Anke Ehlers


Anke Ehlers FBA FMedSci is a German psychologist who works at the University of Oxford as Wellcome Trust Principal Research Fellow and Professor of Experimental Psychopathology. She is an expert in posttraumatic stress disorder; her research has shown that it is a common problem among emergency medical workers, and that a commonly used therapy for PTSD, psychological debriefing, has little provable therapeutic value.

Professional career

Ehlers studied psychology at the University of Kiel and the University of Tübingen, earning a diploma from Tübingen in 1983. She finished her Ph.D. from the same institution in 1985, and earned a habilitation from the University of Marburg in 1990.
While finishing her Ph.D., Ehlers worked at Stanford University from 1984 to 1985 as assistant director of the Laboratory for Clinical Psychopharmacology and Psychophysiology.

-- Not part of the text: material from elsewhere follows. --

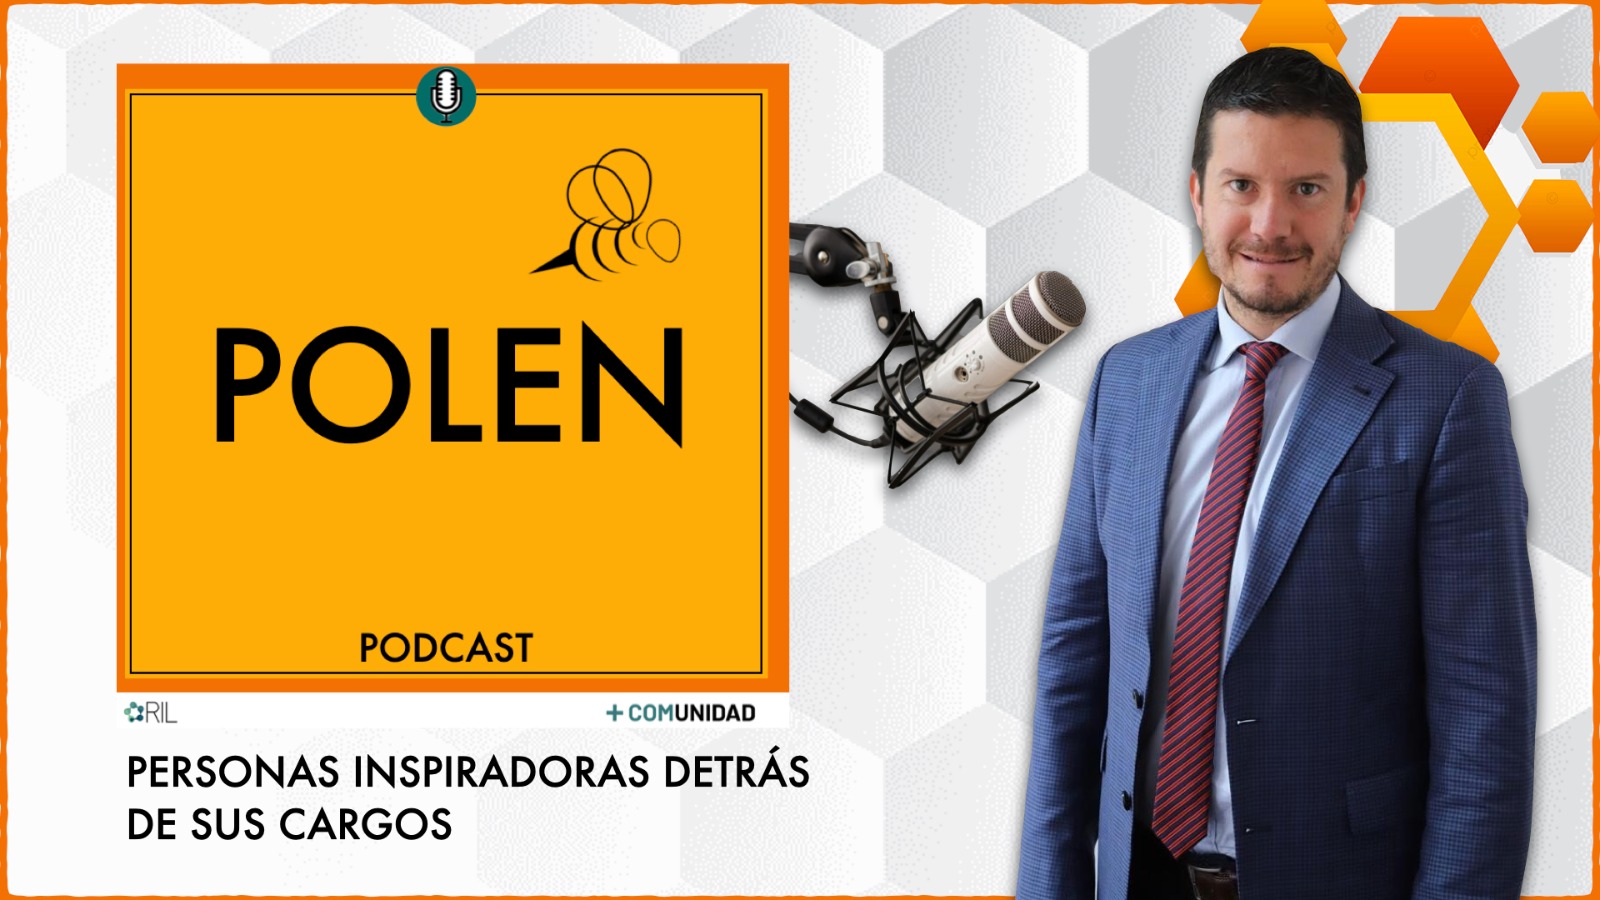 CAPÍTULO ESTRENOSe estrena el capítulo #17 de POLEN, el podcast de +COMUNIDAD

After an assistant professorship at the University of Marburg, she became a full professor at the University of Göttingen in 1991, and moved to Oxford as Wellcome Trust Principal Research Fellow in 1993. She moved to King's College London in 2000, but returned to Oxford as Wellcome Trust Principal Research Fellow and Professor of Experimental Psychopathology in 2012; she retains a visiting position at King's College London.

Awards and honours

In 2004 she was elected a Fellow of the German Academy of Sciences Leopoldina. She was elected a Fellow of the British Academy in 2010 and is also a member of the Academia Europaea.

Personal life

She was born in Kiel, West Germany.
She is married to her colleague David M. Clark.